Нельзя сказать, чтобы в монастырях преп. Пахомия были совершенно неизвестны публичная исповедь и публичное покаяние. Но, как и исповедь частная, они носили здесь несакраментальный характер. Публичная исповедь была исключительно дисциплинарной мерой. Проступки, за которые она предписывалась, касались главным образом нарушения монастырского устава, а не личных грехов против одной христианской нравственности. Преп. Иоанн Кассиан сообщает, что в египетских киновиях было положено приносить публичное покаяние (publica poenitentia) за разбитие глиняного кувшина. Покаяние совершалось так: «Когда все братия соберутся на молитву, [виновный], простершись на земле, испрашивает прощение и до тех пор пребывает в таком положении, пока не кончится служба и игумен не велит встать с земли»320. Преп. Феодор, запретивший публичную исповедь грехов, не раз доводил до открытой исповеди в общем собрании нарушителей монастырского устава. Так он обличает, не называя по имени, четырех монахов, которые, рубя дрова, предавались шуткам и смеху. Виновные сошлись на средину собрания, начали громко плакать; обратившись на восток поверглись пред Богом, сознались, что обвинение преп. Феодора относится к ним; наконец, просили братий помолиться о них, что те и сделали. Виновным было предписано покаяние – исправить себя слезами и рыданиями (δάκρυσιν καὶ στεναγμοῖς). Когда в другой раз в общем собрании монахов по случаю Пасхи преп. Феодор стал говорить о грехе тайнояденйя, совершенном одним братом, тогда виновный монах, вставши пред всем собранием (более чем в две тысячи человек), «пал к ногам преп. Феодора и обличил себя; преп. Феодор закрыл его лицо своею милотью и не допустил его сделаться известным всему собранию»321. Все это примеры дисциплинарной исповеди.
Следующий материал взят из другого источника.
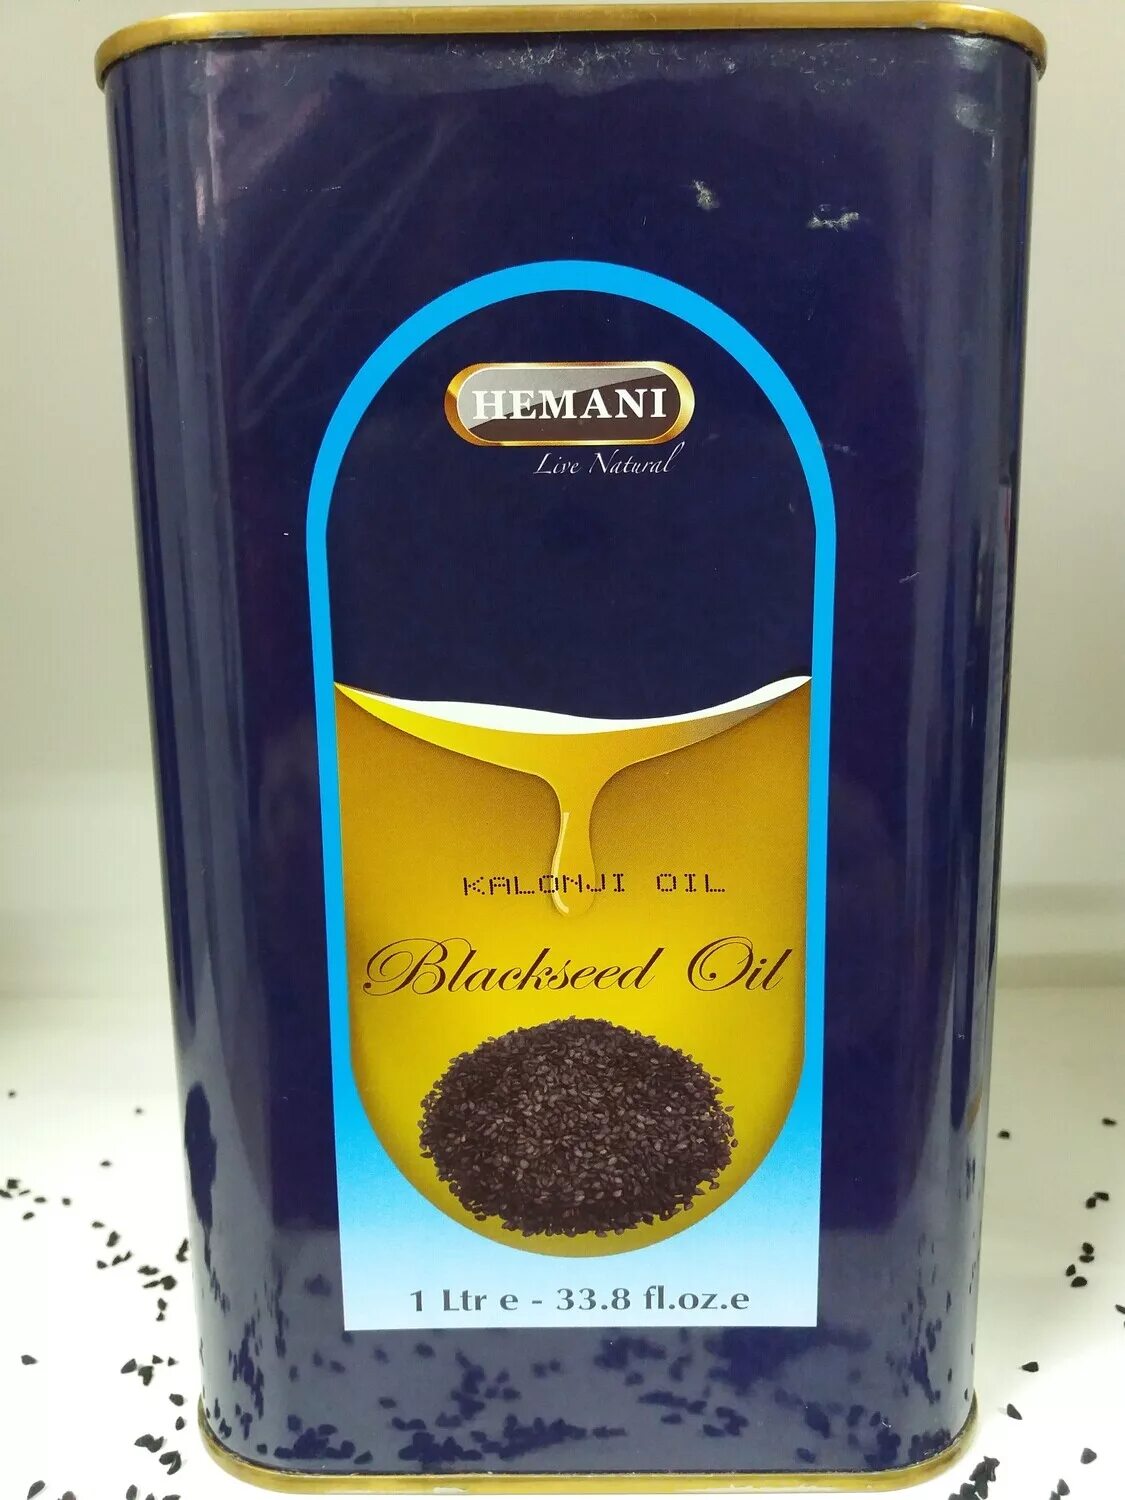 Hemani Black Seed Oil. Черный тмин Хемани. Hemani масло черного тмина. Масло черного тмина Black Seed.

Для исправления личных недостатков братии преп. Феодор, по-видимому, раньше запрещения публичной исповеди употреблял еще особую меру, которая была открытой по форме, однако по своей сущности отличалась от публичной исповеди. В многочисленном собрании братии монахи один за другим подходили к подвижнику, прося его сказать пред всеми недостатки каждого. Он отвечал им порознь намеком, приводя текст Священного Писания, соответствующий моральному настроению каждого, и вызывал у йноко в слезы на глаза и чувство сокрушения в сердце322. Можно предполагать, что с установлением частной исповеди указанная мера оказалась лишней и больше не практиковалась.
Итак, в тавеннских монастырях Таинство покаяния совершалось без исповеди, в форме плача. Публичная исповедь личных грехов была запрещена. Для них введена была исповедь частная, старческая, имевшая исключительно Нравственно-педагогическое значение. Впрочем, была известна и публичная исповедь с публичным покаянием, но не сакраментального характера: при жизни прет Пахомия публичная исповедь употребляется своеобразно, а при его преемниках – только как мера дисциплинарная, в случаях нарушения монастырского устава.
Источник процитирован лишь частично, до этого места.